Instructions for the task –
With the pictures omitted, transcribe each line below exactly as it is.

Material provided –
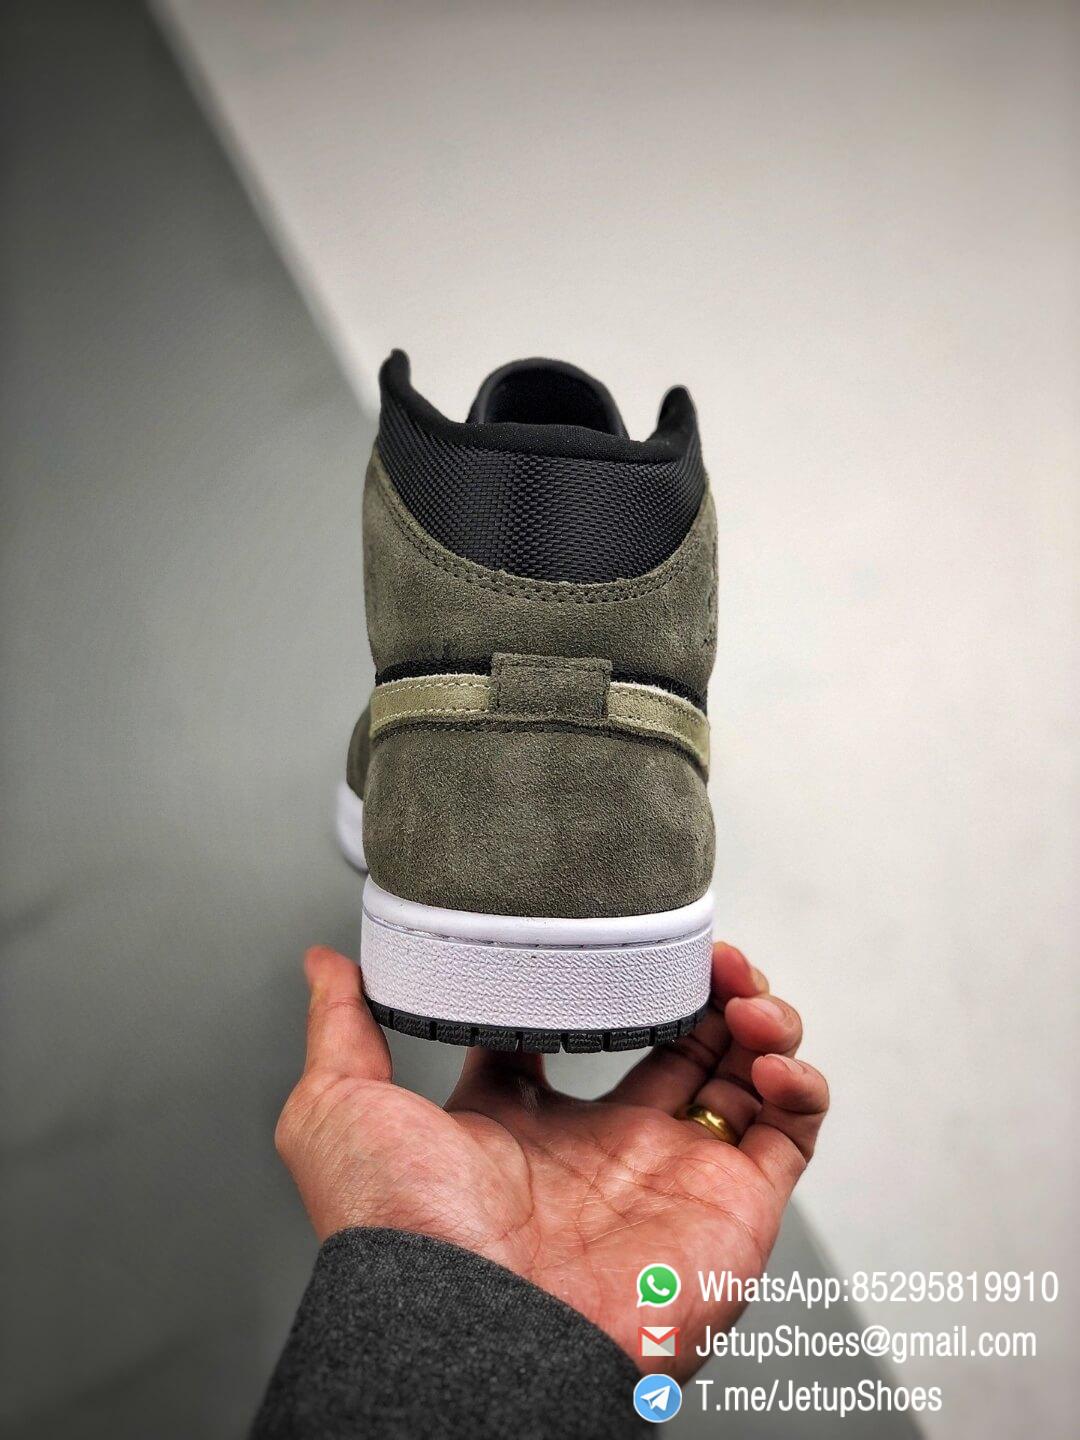 The Nike Wmns Air Jordan 1 Mid Olive Black Mesh Underlay Olive Tan Suede Overlay Repshoes 07
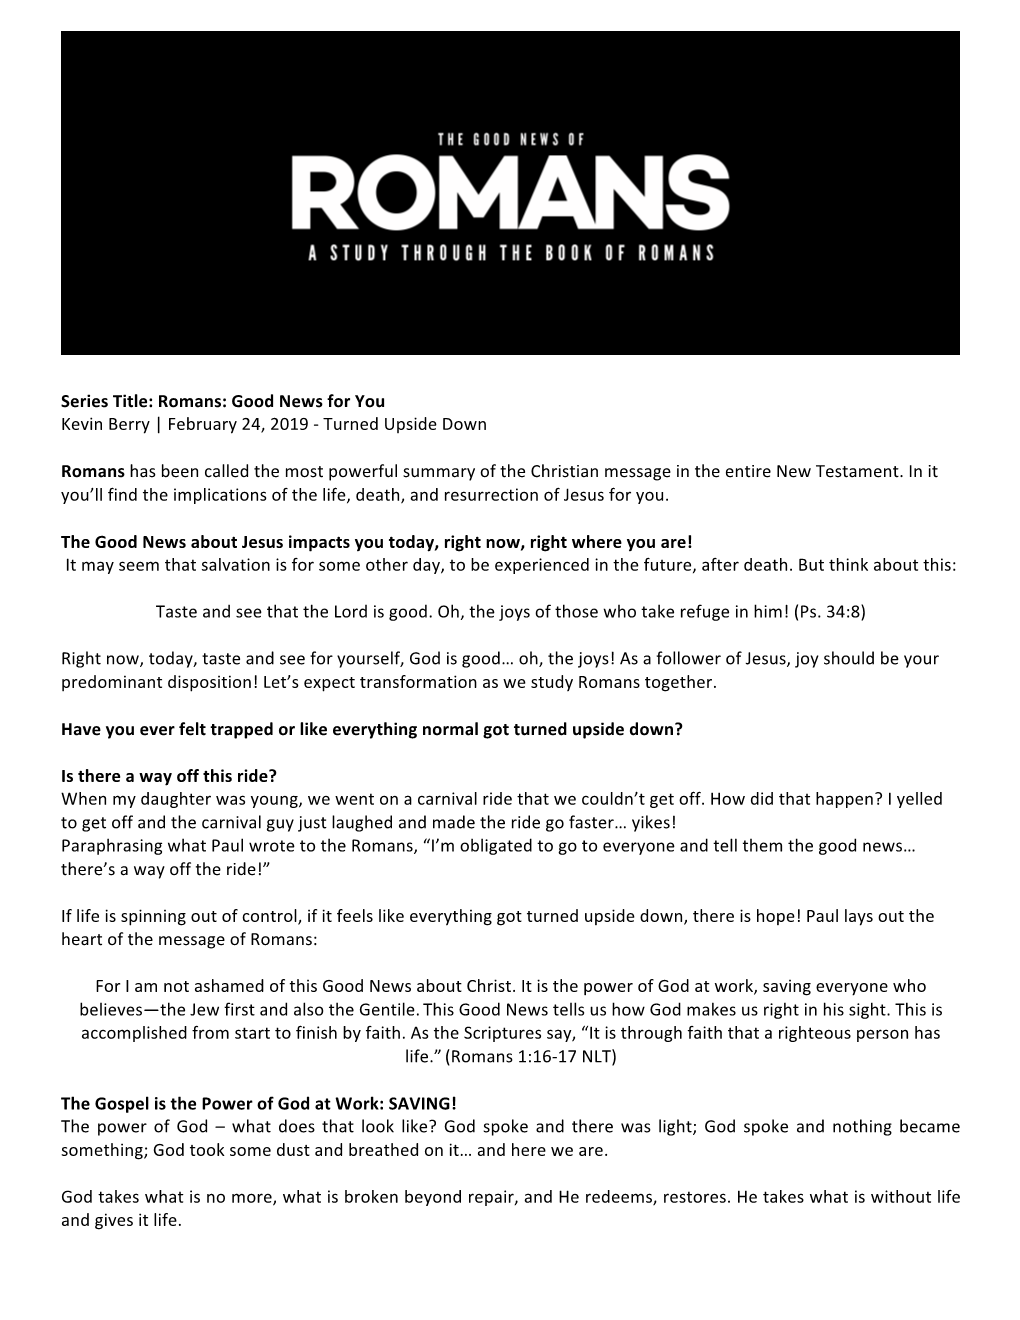 Romans: Good News for You Kevin Berry | February 24, 2019 - Turned Upside Down
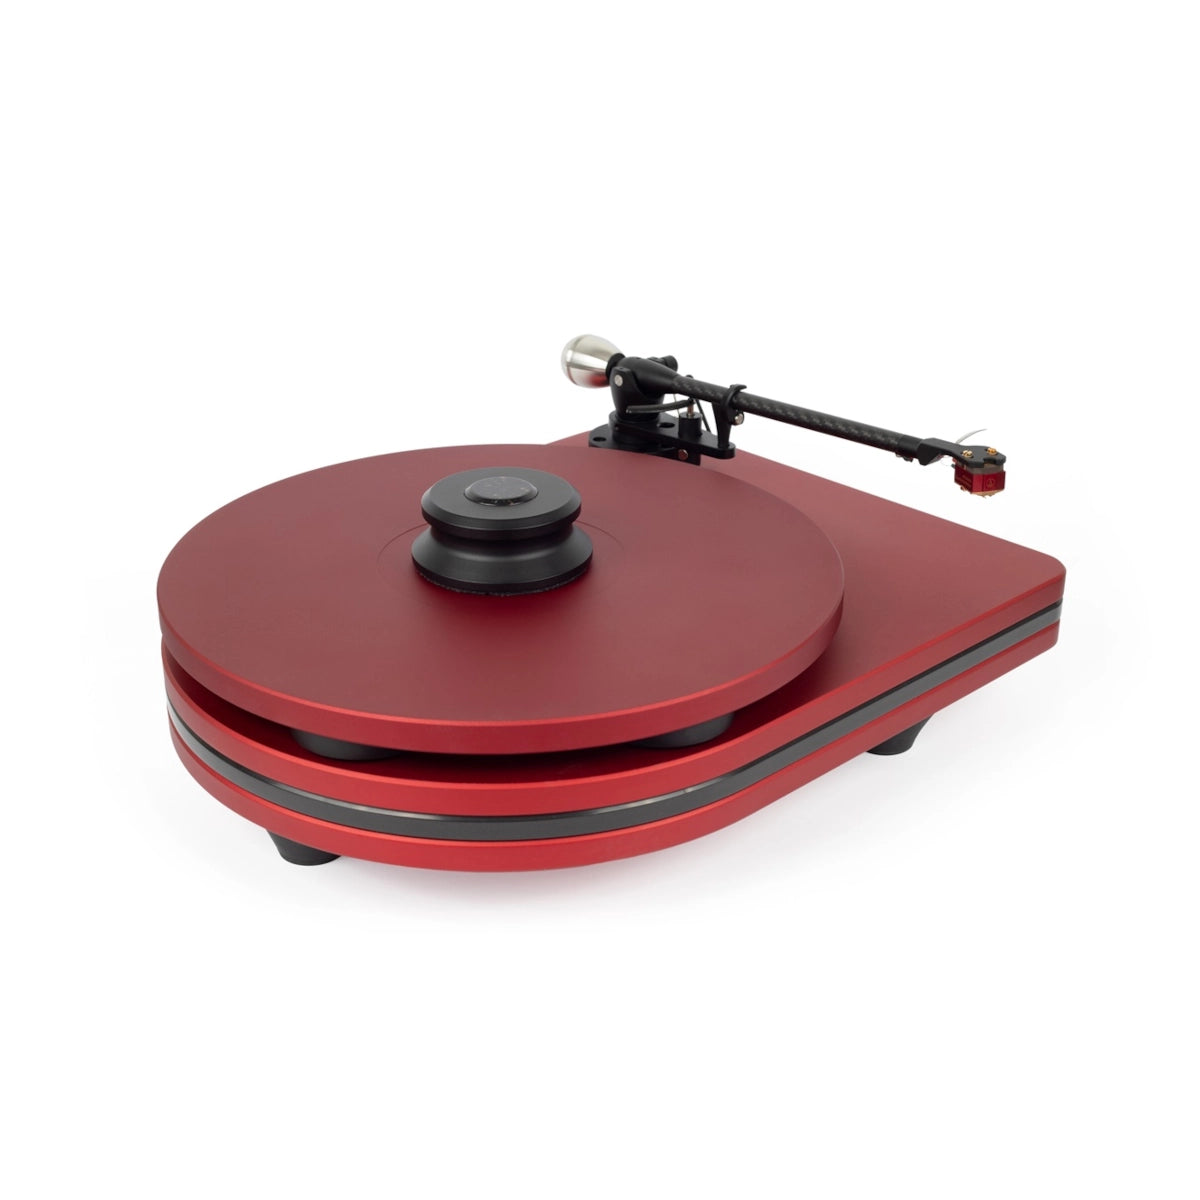 AURIS Bayadere 3 Turntable with W9 Tone Arm
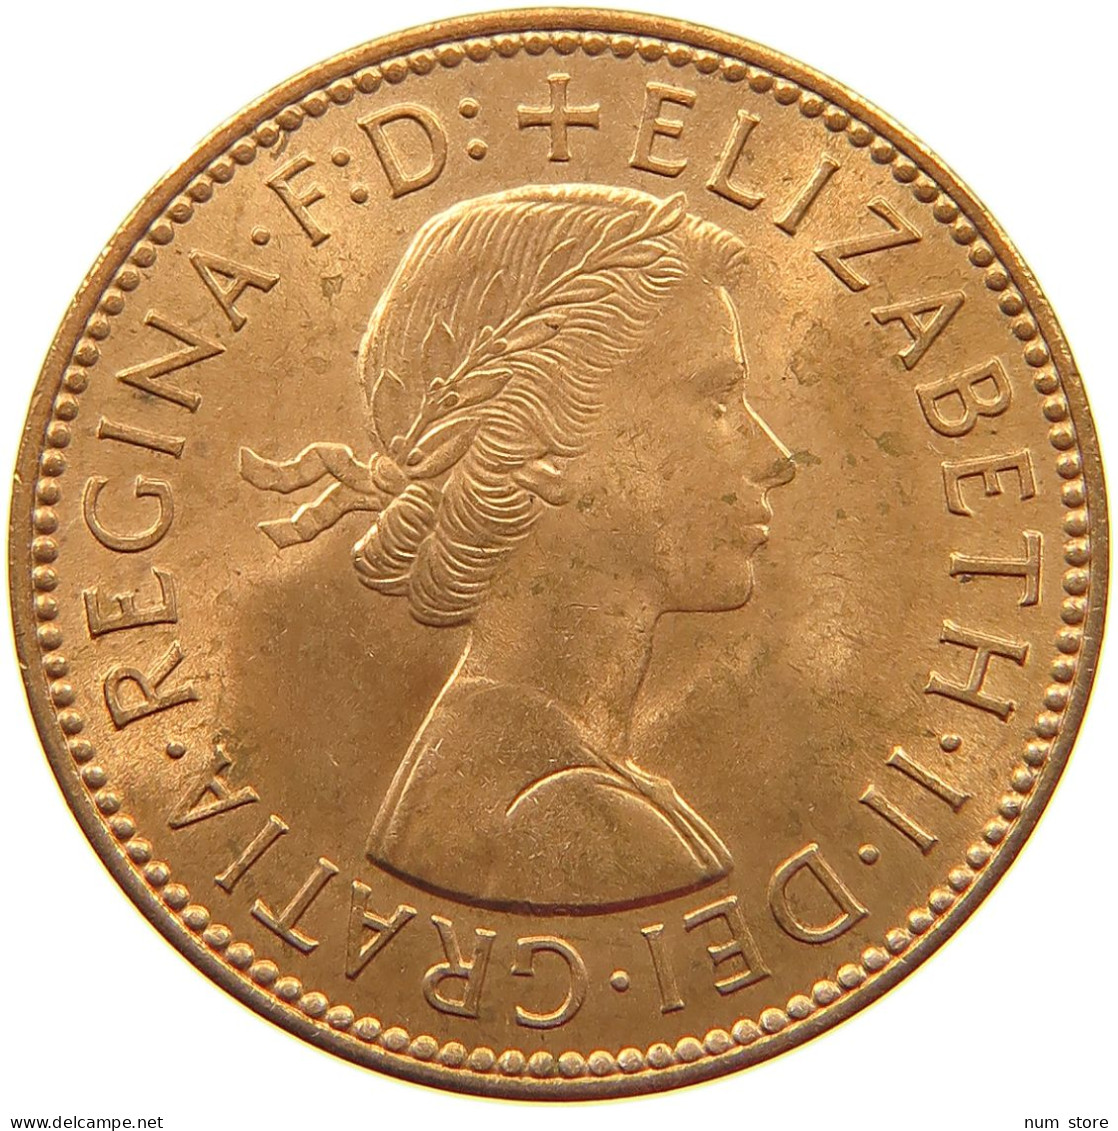 GREAT BRITAIN HALFPENNY 1963 TOP #a039 0317 - C. 1/2 Penny
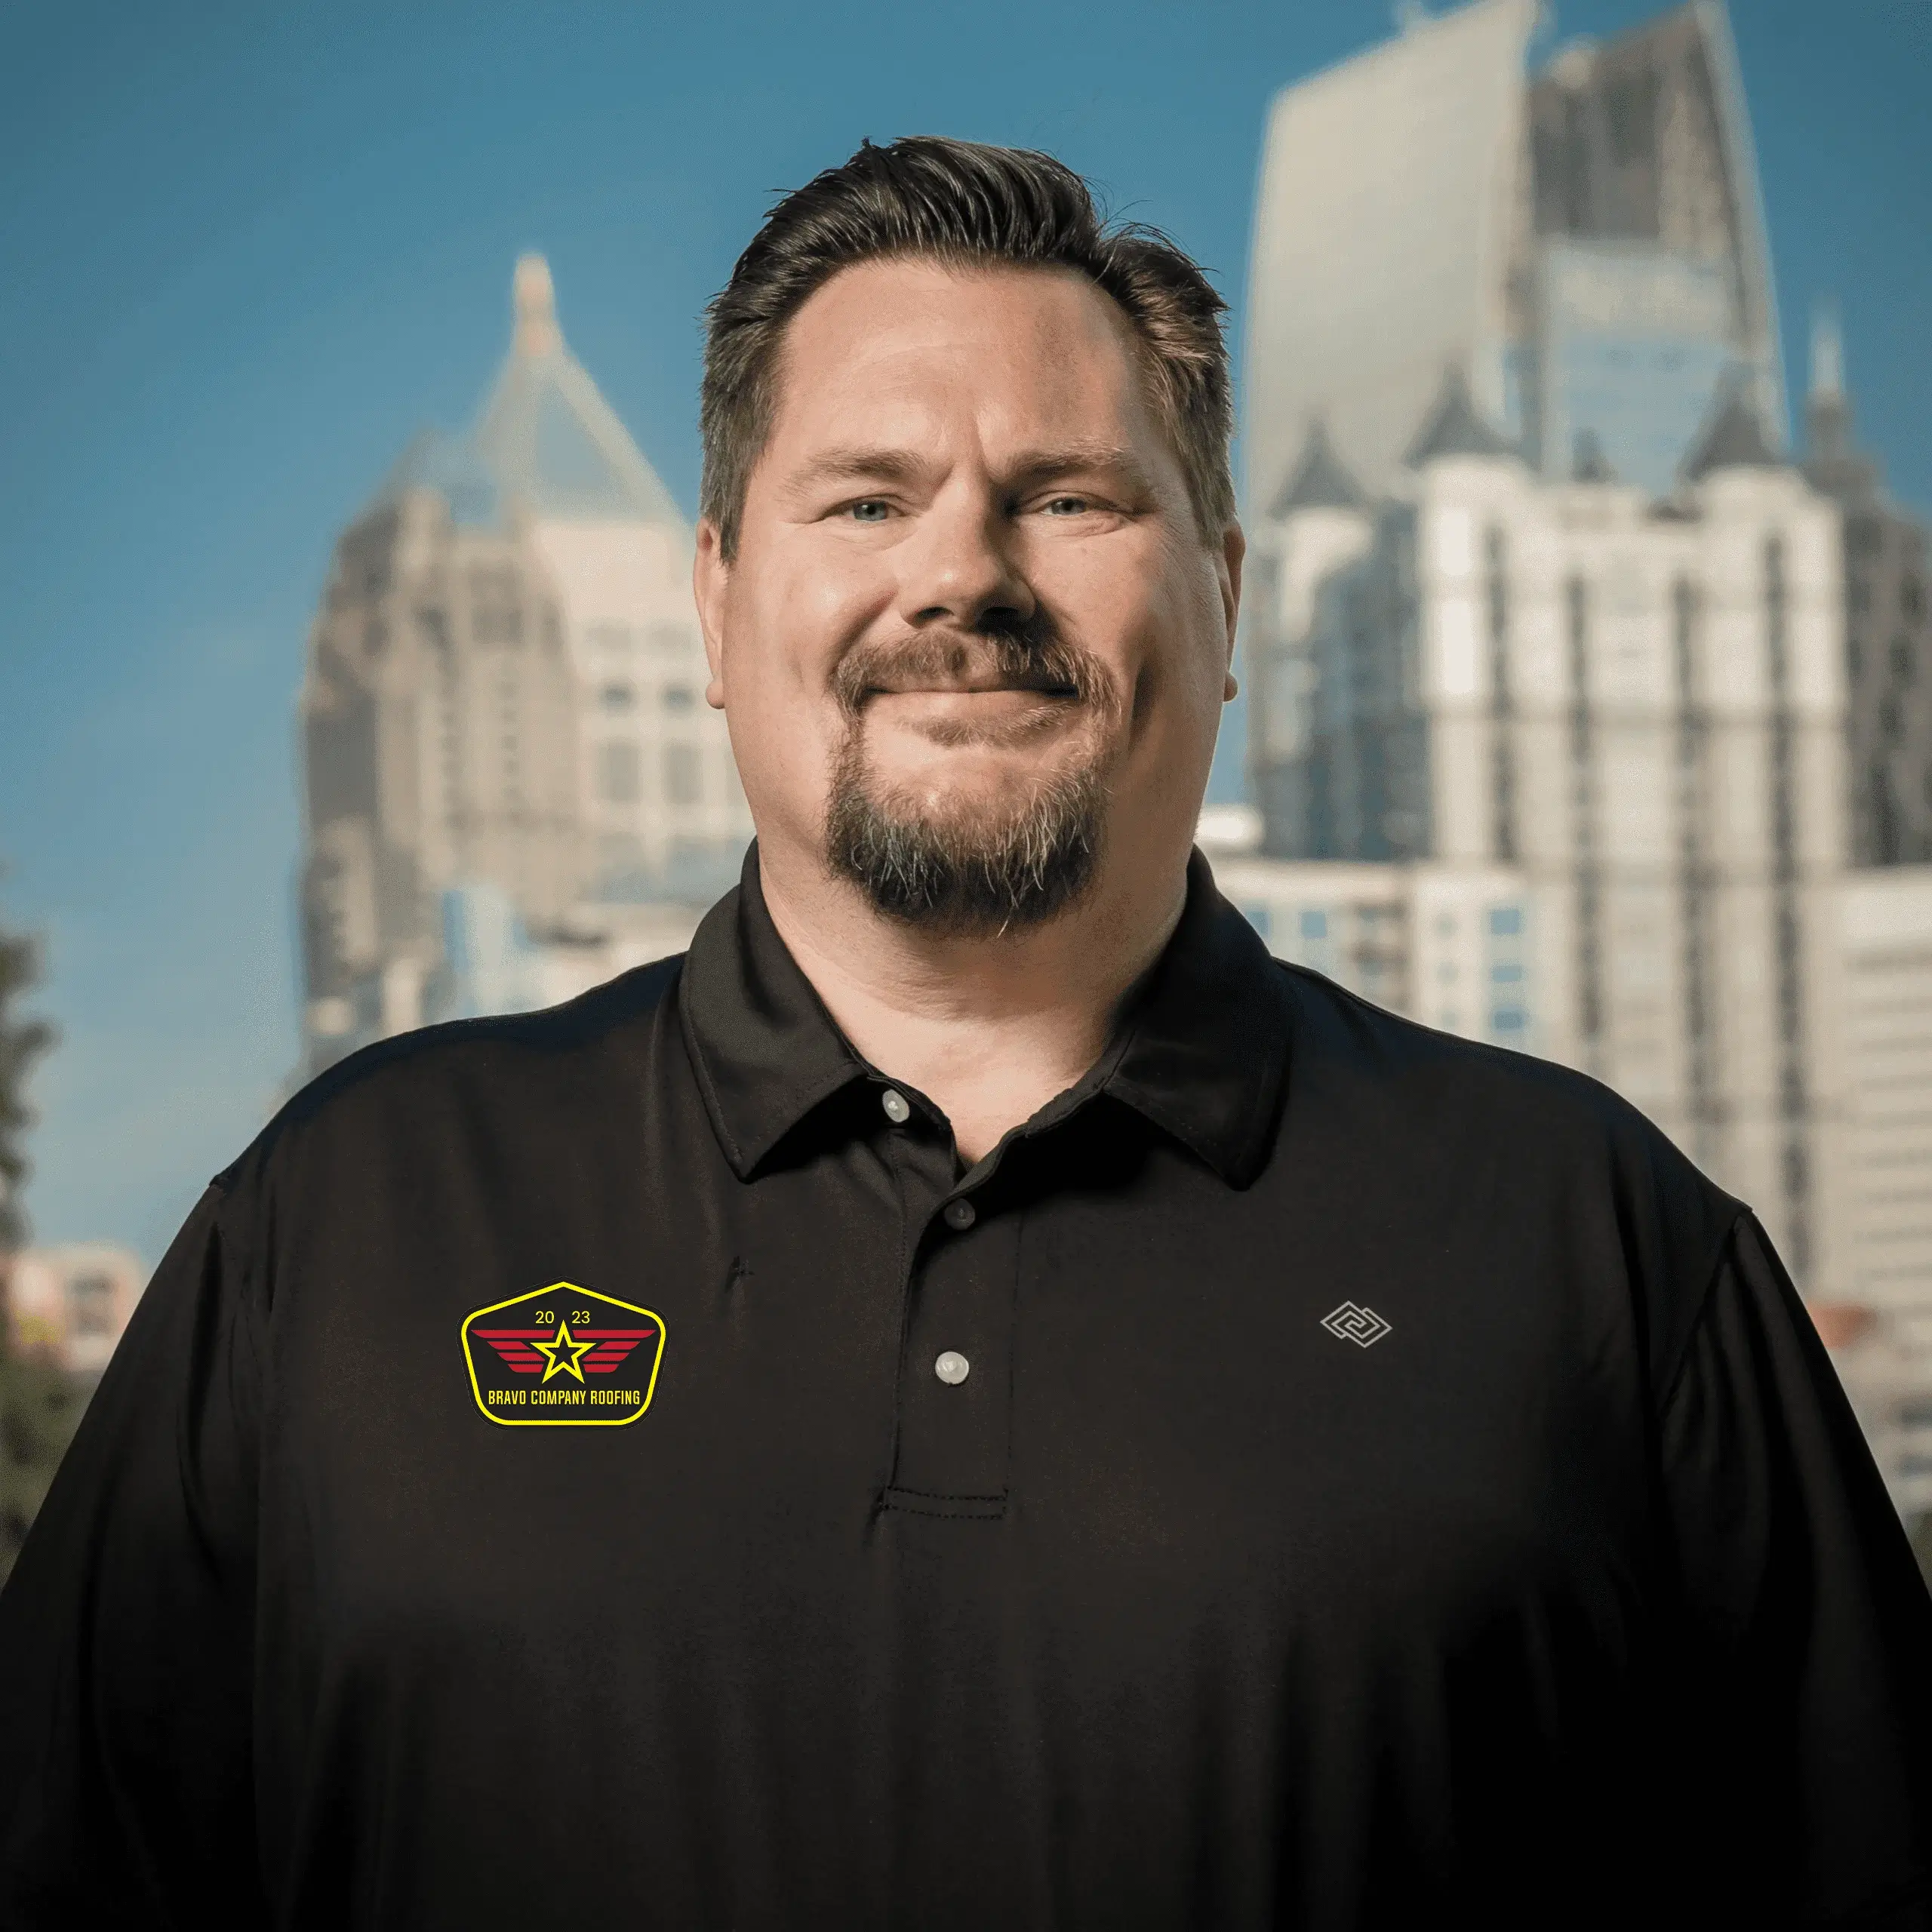 Bruce Punger the sales representative of Bravo Company Roofing | About Roofing Company in Atlanta, GA

Response area –
 The Nike Wmns Air Jordan 1 Mid Olive Black Mesh Underlay Olive Tan Suede Overlay Repshoes 07
 Romans: Good News for You Kevin Berry | February 24, 2019 - Turned Upside Down
 AURIS Bayadere 3 Turntable with W9 Tone Arm
 GREAT BRITAIN HALFPENNY 1963 TOP #a039 0317 - C. 1/2 Penny
 Bruce Punger the sales representative of Bravo Company Roofing | About Roofing Company in Atlanta, GA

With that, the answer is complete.